> **Exercise data**:
================================

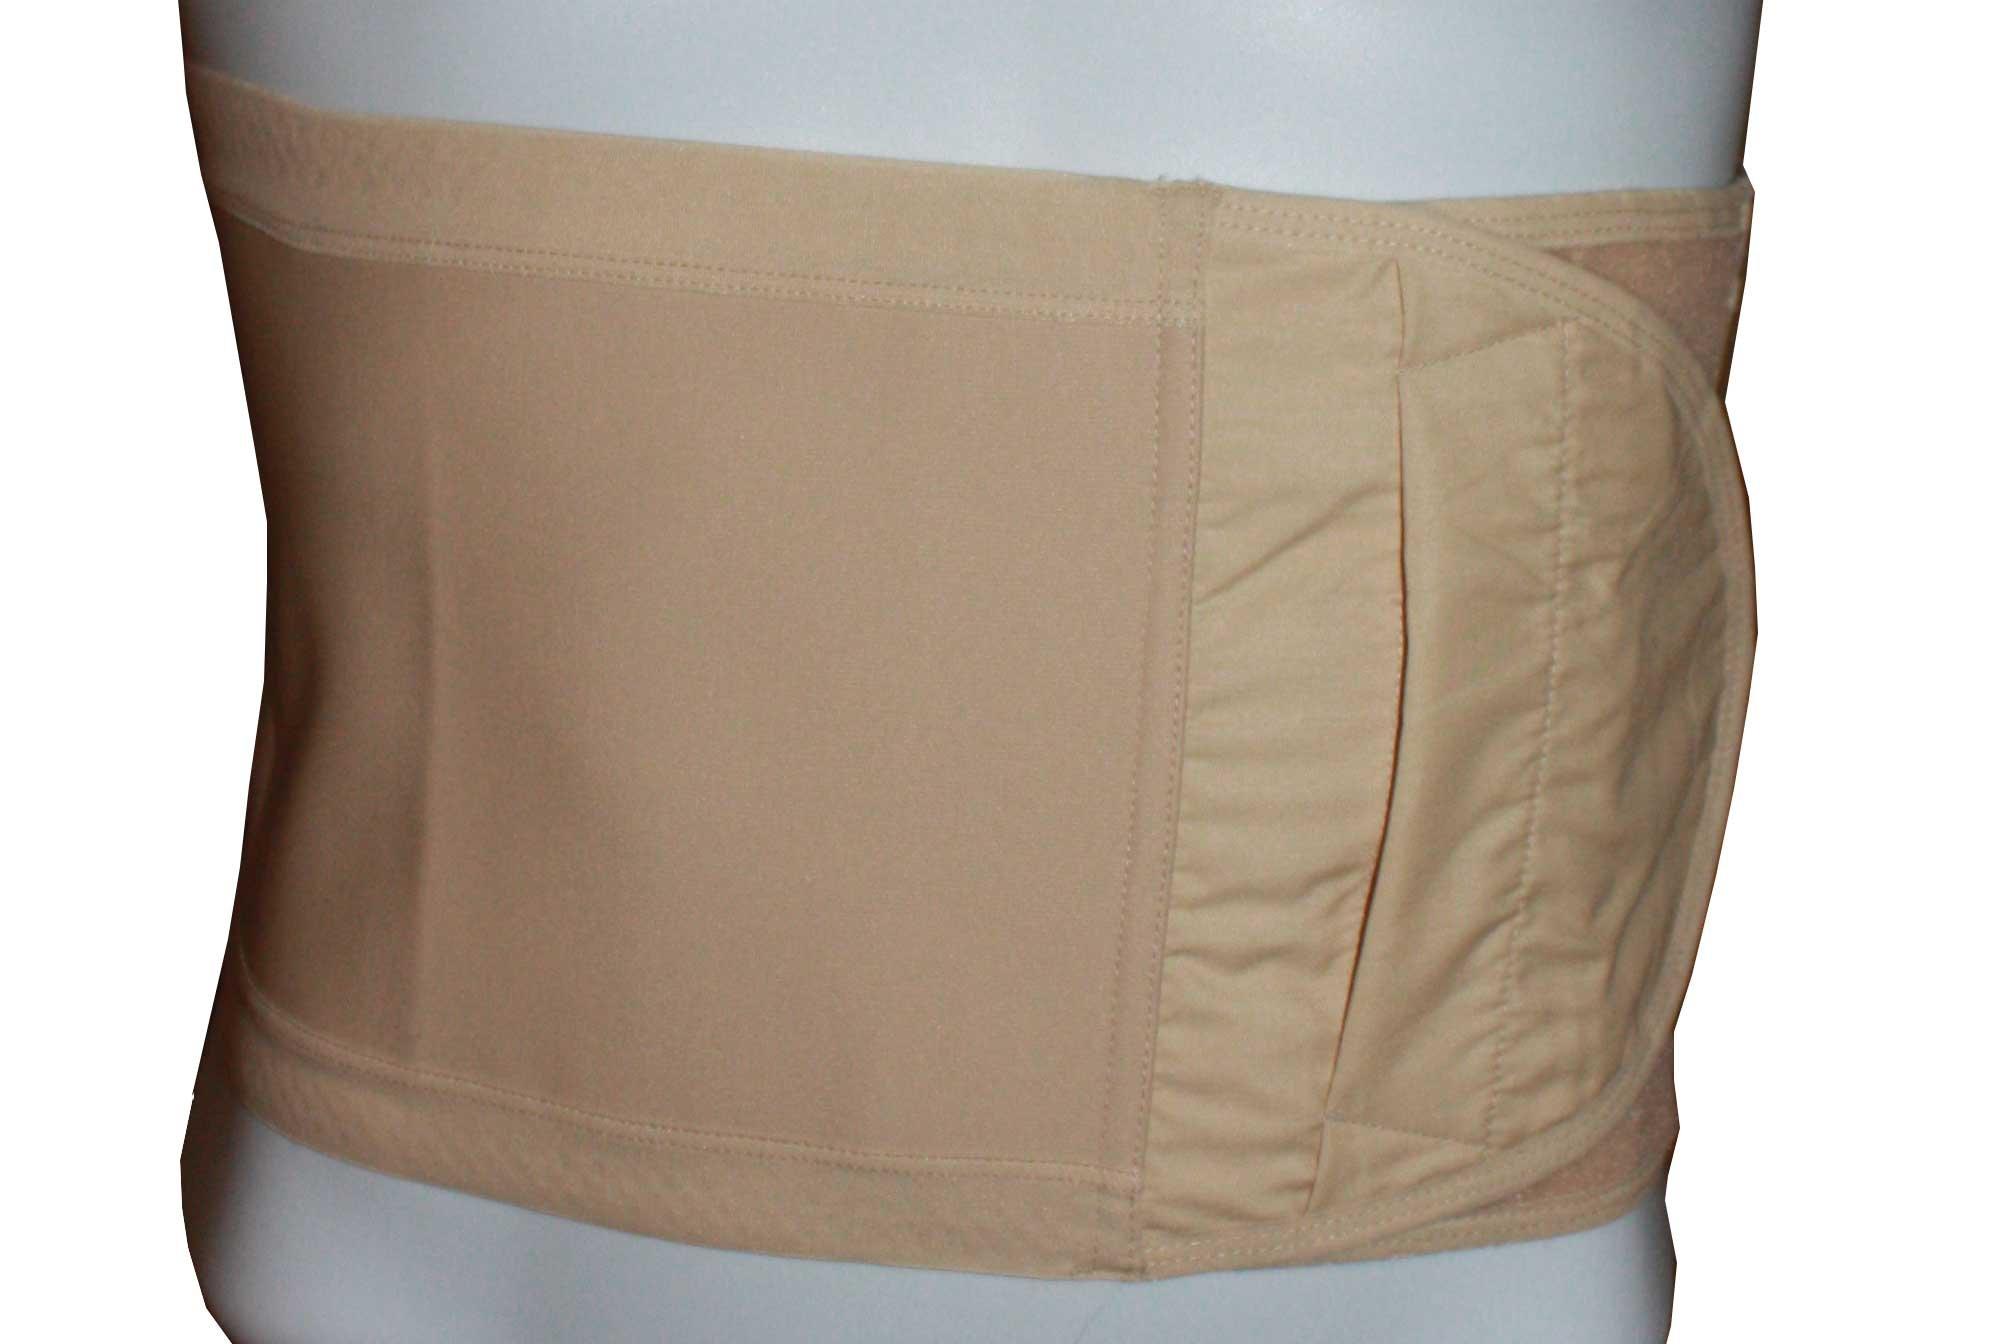 Safe n' Simple Hernia Support Belt, 26cm, Beige, Medium
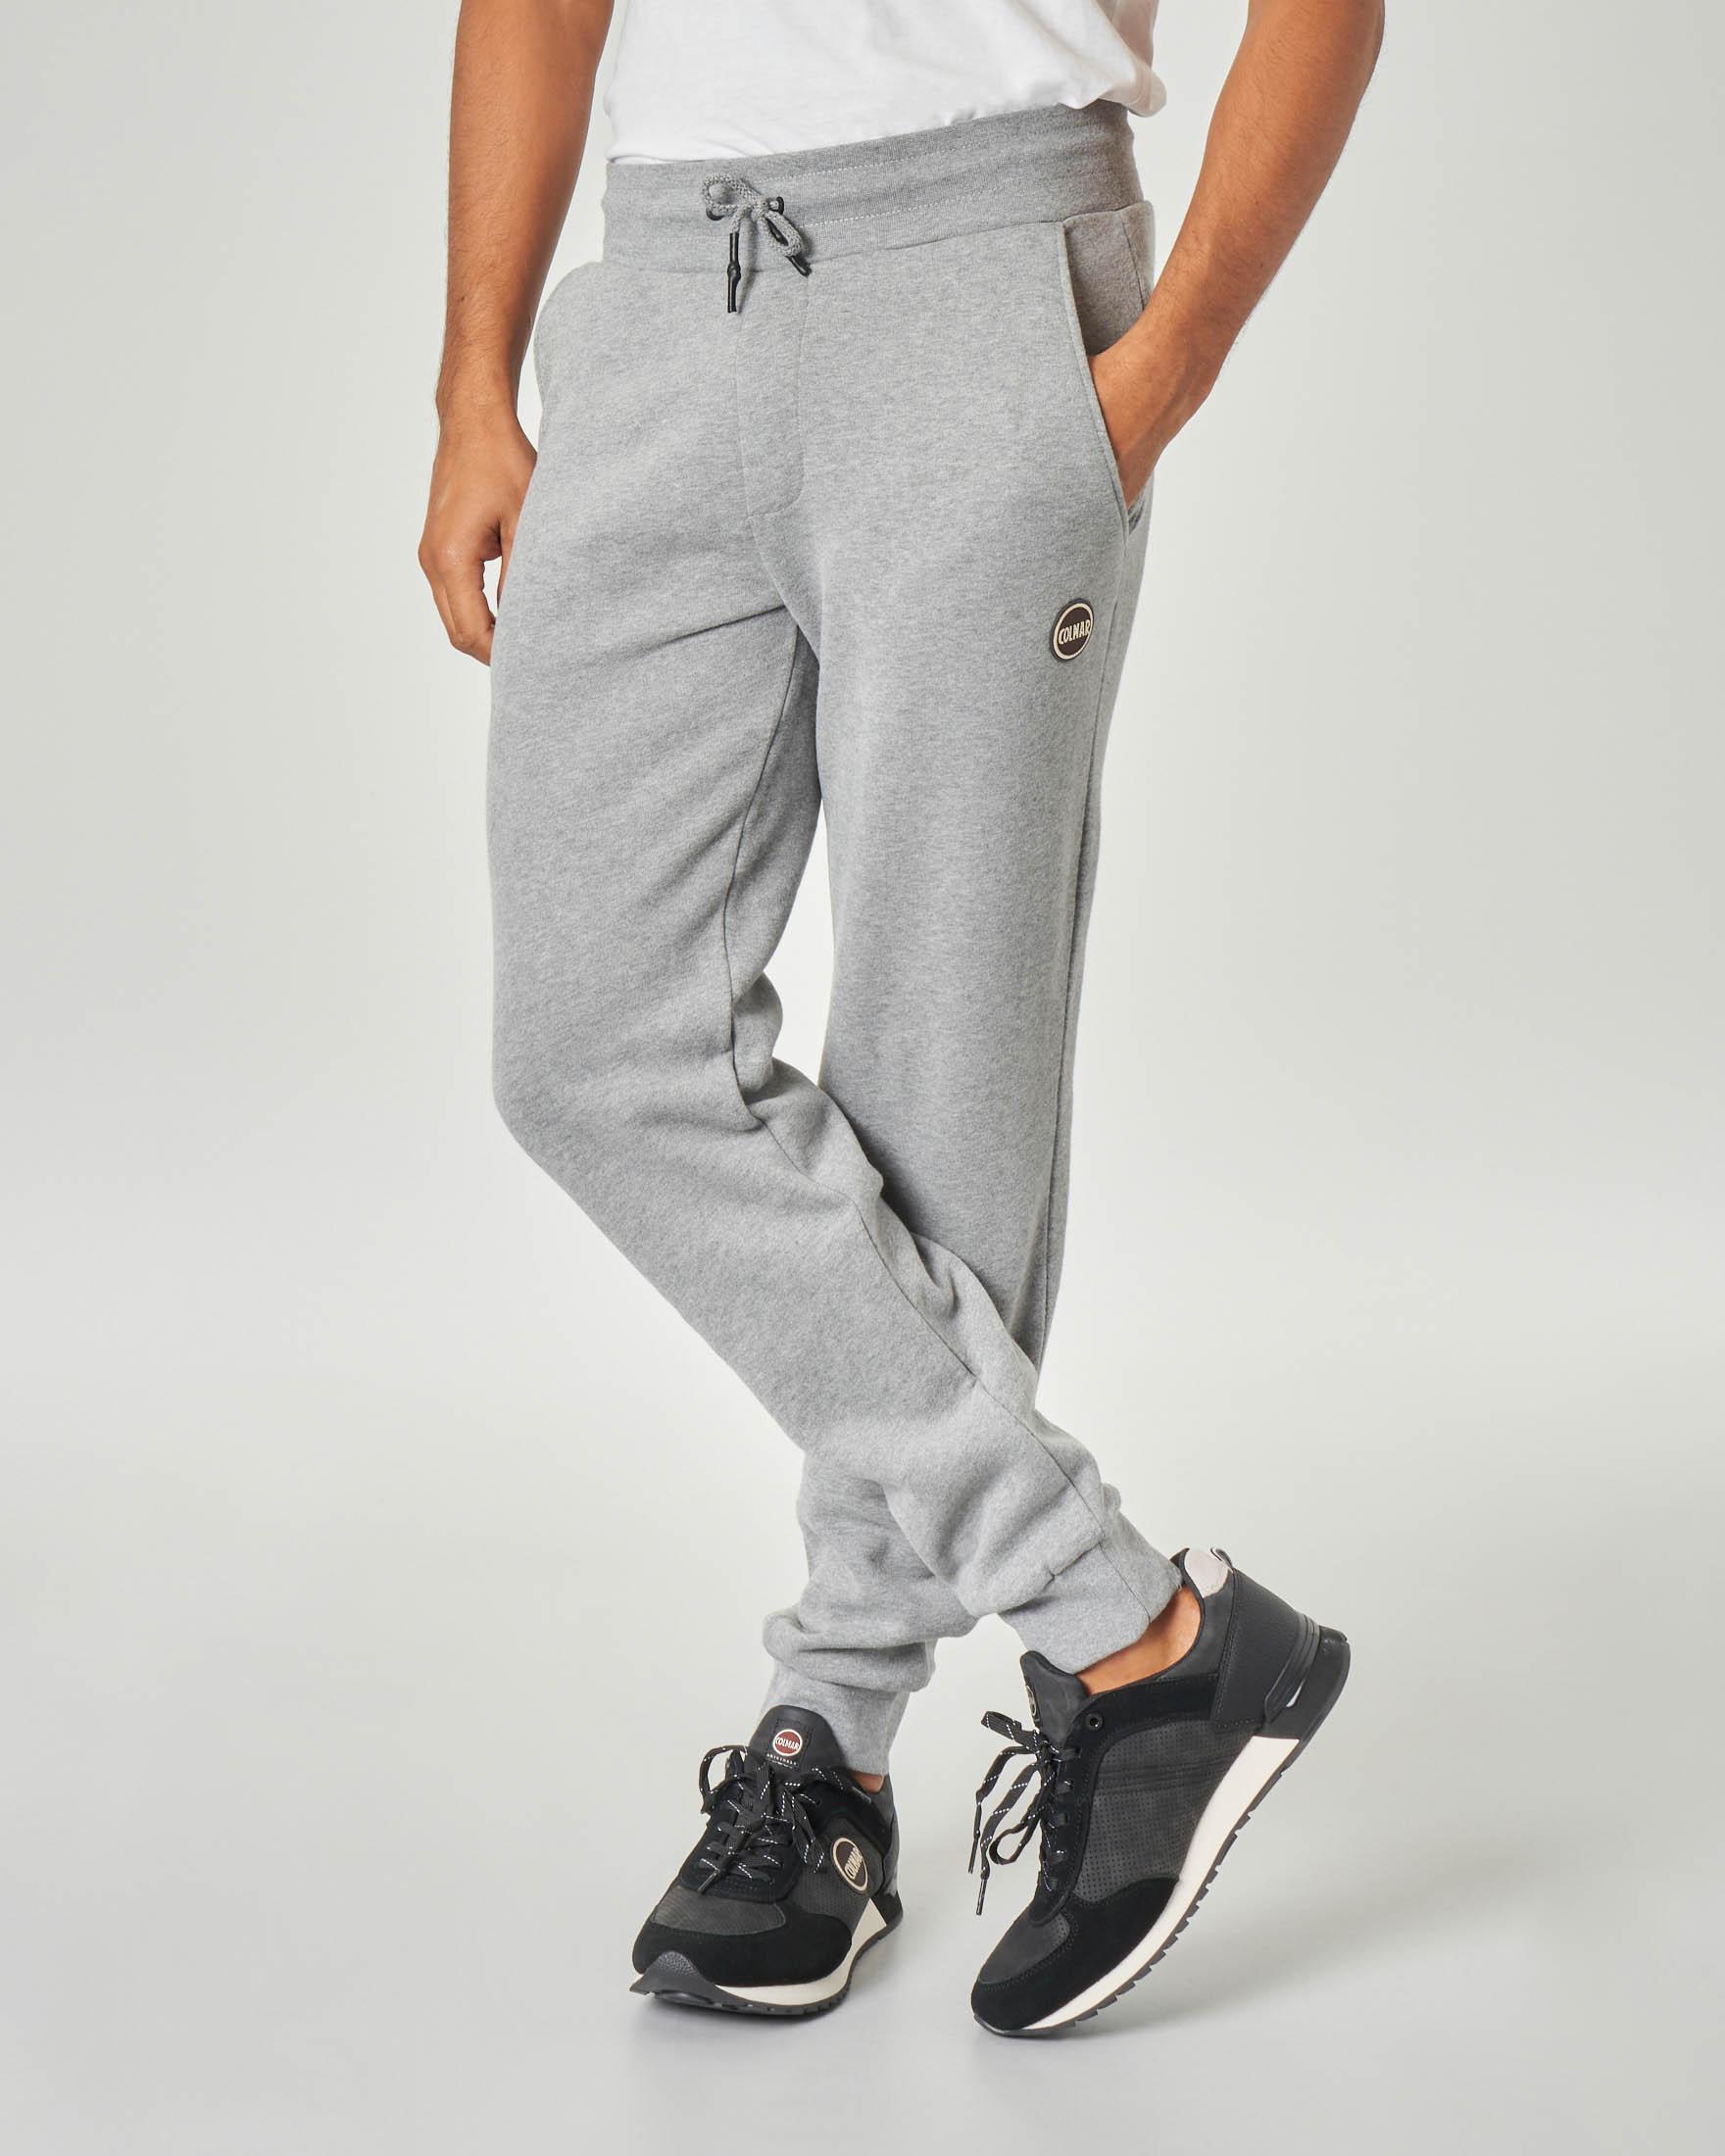 Pantalone grigio chiaro in felpa garzata
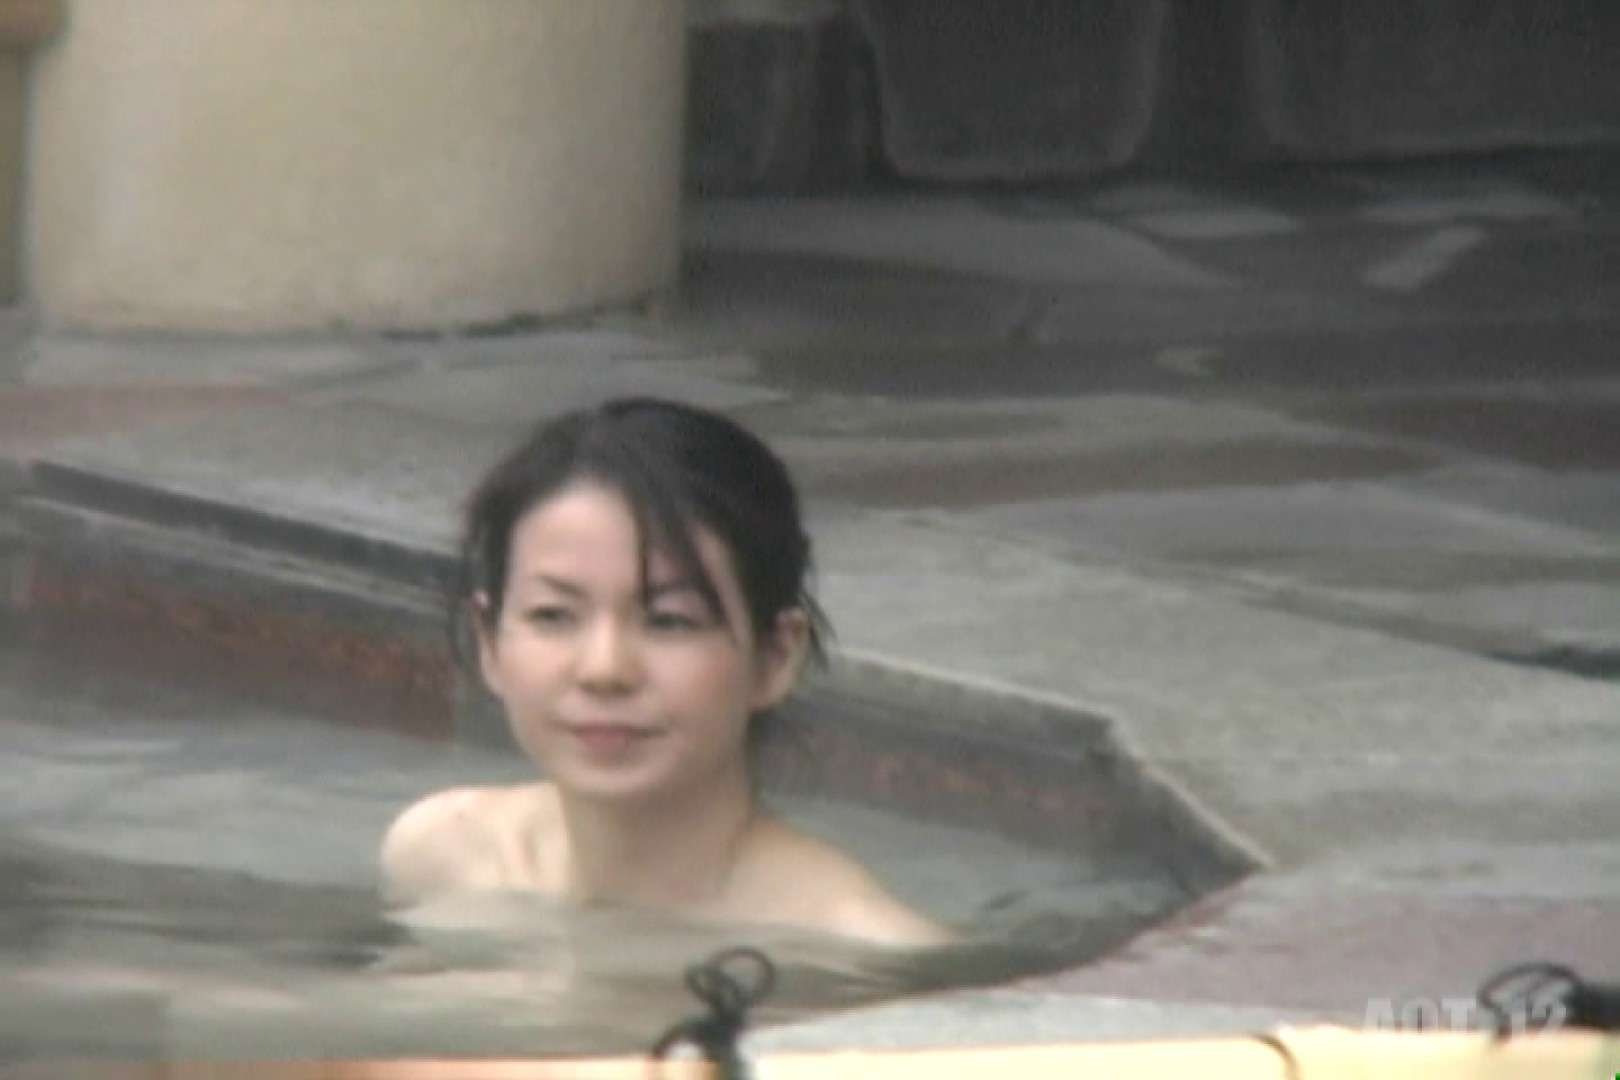 Aquaな露天風呂Vol.811 0   0  38連発 1

================================

> **Requirement**: The listing above must be printed again exactly, minus its pictures.

> **Solution to this task**:
 Safe n' Simple Hernia Support Belt, 26cm, Beige, Medium
 Pantalone grigio chiaro in felpa garzata
 Aquaな露天風呂Vol.811 0   0  38連発 1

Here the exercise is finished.